In 1921, Imbert built a charcoal gasifier. Two years later (1923) he succeeded in gasification for a vehicle.

It should be noted that in 1922 the first gas producer contest was held in France. It's the English who win. The French are late. Everything must be done to control a national energy to replace the foreign fuel.

In 1923, the Army, informed by De Dietrich of the invention, asked Georges Imbert to build a wood gasifier for the French Government. At Sarre-Union, rue de Bitche, the hat manufacture, where Imbert set up his gas-fired plant (1925) at Reichshoffen, De Dietrich, which has the industrial capacity in metallurgy and the automobile, set up a workshop for him. research in the railway factory. In 1925, he patented various processes on gas generators. De Dietrich, for their part also file a patent on gasogens, which pushes Imbert to end this partnership in 1926.
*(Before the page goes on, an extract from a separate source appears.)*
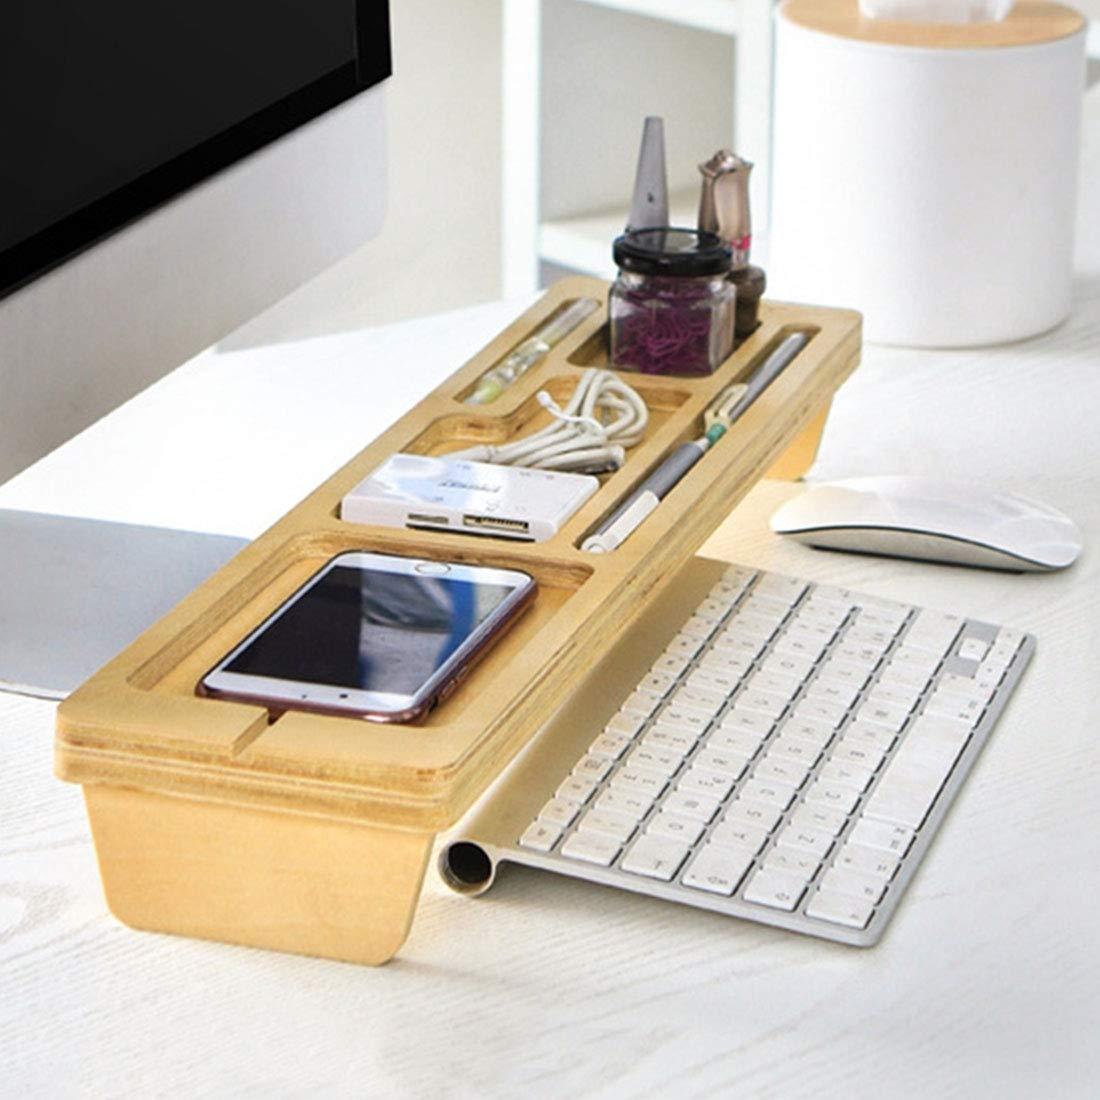 Lanbinxiang@ Multifunktionale Aufbewahrungsbox für Computer-Tastatur aus Birke, Größe 52 x 12 x 4 cm, Material  Holz
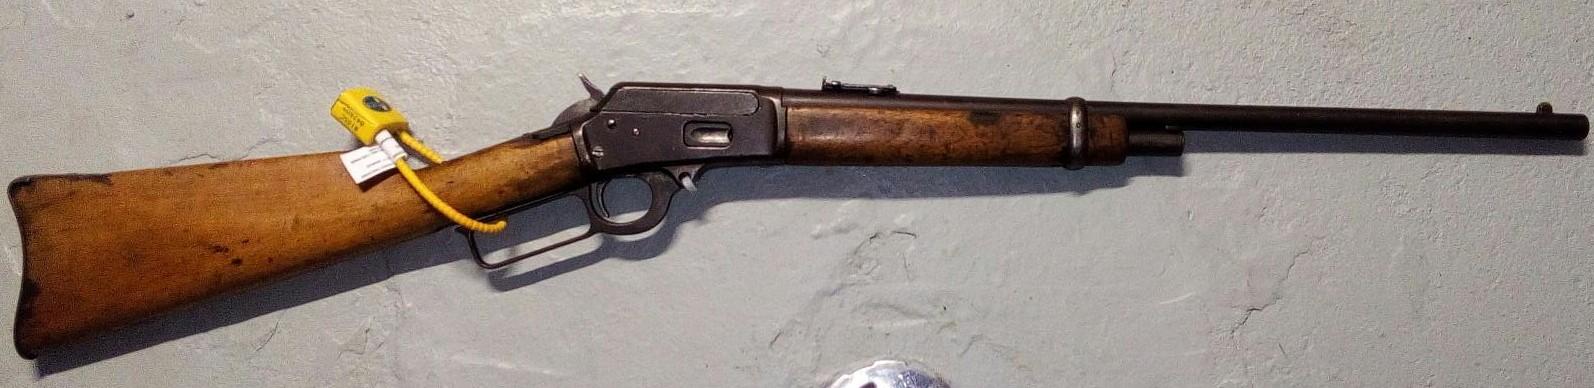 Marlin 1894 carbine en 44-40  Marlin15

After buying the "Chalet", a beautiful home in Sarre-Union, he created the Compagnie Générale des Gazogens Imbert in 1930.

Despite the enthusiasm of André Maginot, Minister of War, the gasifier struggles to break through in France. In 1931, Georges Imbert was forced to sell some of his licenses to his representative in Germany.

In 1934, his brother Jean-Paul, tries to sell gasogen to the Americans.

The success in Germany allows Imbert to continue developing its technique in Sarre-Union. He is developing a gasifier that can use green wood without clogging the engine.

At the evacuation of Sarre-Union in May 1940, he moved with his family to Epinal in the Vosges.

On his return in September of the same year, he returned to work by becoming an employee of his former company bought by "Imbert Köln".

Imbert - De Dietrich (1930) The recognition of Georges Imbert's work in 1944 by all the European manufacturers marks the apotheosis of the life of the chemical engineer.The German press calls him the "pope" of the gasifier.

Germany uses the wood gasifier in all military operations on tanks, armored cars and ammunition trucks.

On her sixtieth birthday, for the services rendered, Germany is decorated with the "Cross of Merit".

Having lost a son on the Russian front and feeling responsible, not to mention that the fall of Germany was inescapable, Imbert mad with pain, sank into alcoholism.

In December 1944, Sarre-Union was released by the Americans. Georges Imbert is not imprisoned because he was employed by the Germans, like many others in Europe.

On the other hand, in 1945 his property was sequestrated and sold as war damage. Imbert lost interest in everything and died a few years later, in 1950, at the age of 65.


  1. ^ Georges Imbert profile,; accessed 30 March 2015.(in German)

External links

  • "Biography of Georges Imbert profile" (in French). Archived from the original on 14 June 2002.